Port Kembla is just over an hour to Sydney and has an annual growth rate of 13.2%, a median sale price of $650,000 and rental yields of 3.4%.
Houses for sale in Wollongong suburbs are at a median house price of $795,000 with 9.1% annual growth and 3.3% rental yields.
Gerringong price growth has increased 55.4% over the past five years and the Gerringong rental market demand outstrips the availability of houses. The median sale price is $882,000.
Houses for sale in Wollongong region offer the best liveability and regional commute times to Sydney. Get in touch with real estate agents in Wollongong to learn more.
South Coast real estate
Real estate in Nowra continues to offer value. A picturesque town on the banks of the Shoalhaven River, three-bedroom houses for sale in Nowra are an affordable median price of $420,000 and rental yields are quite high at 4.6%.
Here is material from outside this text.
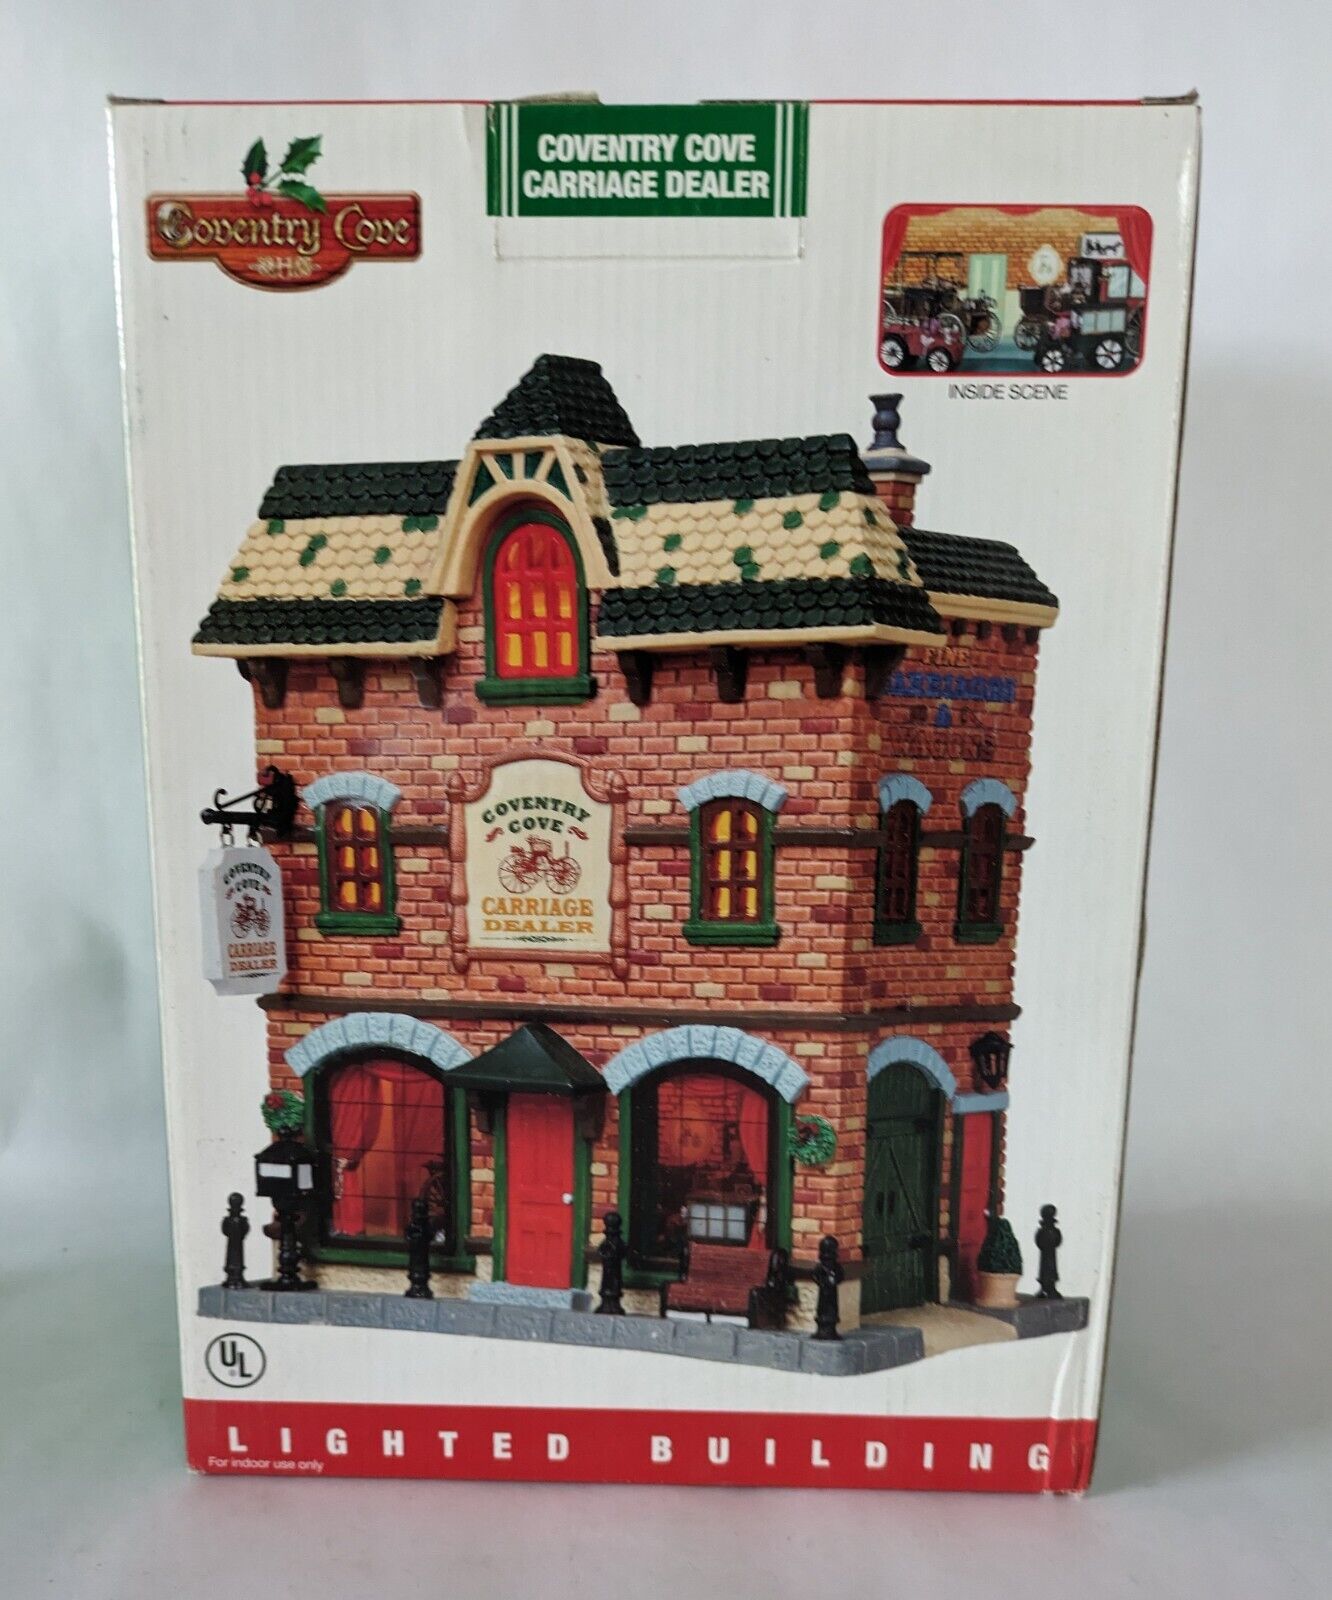 2009 Lemax Coventry Cove Carriage Dealer Lighted Building in Original Box

Speak to real estate agents in Nowra if you want to find out more.
The Shoalhaven property market still has many gems to exploit. Shoalhaven real estate hotspots to check out are Mollymook, Ulladulla and Milton. You can nab a three-bedroom home in Mollymook for $683,000 while annual price growth is 11.1%.
It’s cheaper in Ulladulla, where the median price for a three-bedroom house is $525,000 and annual growth is 10.8%.
Speak to South Coast real estate agents for more information.
What should buyers and investors be wary of in Wollongong, Illawarra and the South Coast?
Oversupply is one of the largest concerns for Wollongong and Shellharbour, especially apartments. Building approvals have more than doubled over the past four years.
"Wollongong rentals are already in oversupply, especially for two-bedroom units."
As a result, Wollongong rentals are already in oversupply, especially for two-bedroom units. Realestate.com.au lists 115 available currently. This will affect the price of apartments for sale in Wollongong, and with the university in the process of building their own student accommodation, demand will lower again.
How to identify an area with high growth potential
If you haven’t had much experience with property investing before, there are a few things you need to remember when searching for regions or suburbs with strong growth potential. Consider these four things and you’ll be headed toward a better ROI:
- Large infrastructure projects planned or under construction, including shopping centres, transport upgrades, schools, hospitals, etc. These developments will not only increase housing prices, but will improve the local job market and the lifestyle of the area.
- High rental yields that are on the rise indicate there is high demand for rental accommodation
- Tight vacancy rates will drive higher property price
- A growing population and signs the area is gentrifying, such as lots of renovations in the area and more retailers popping up.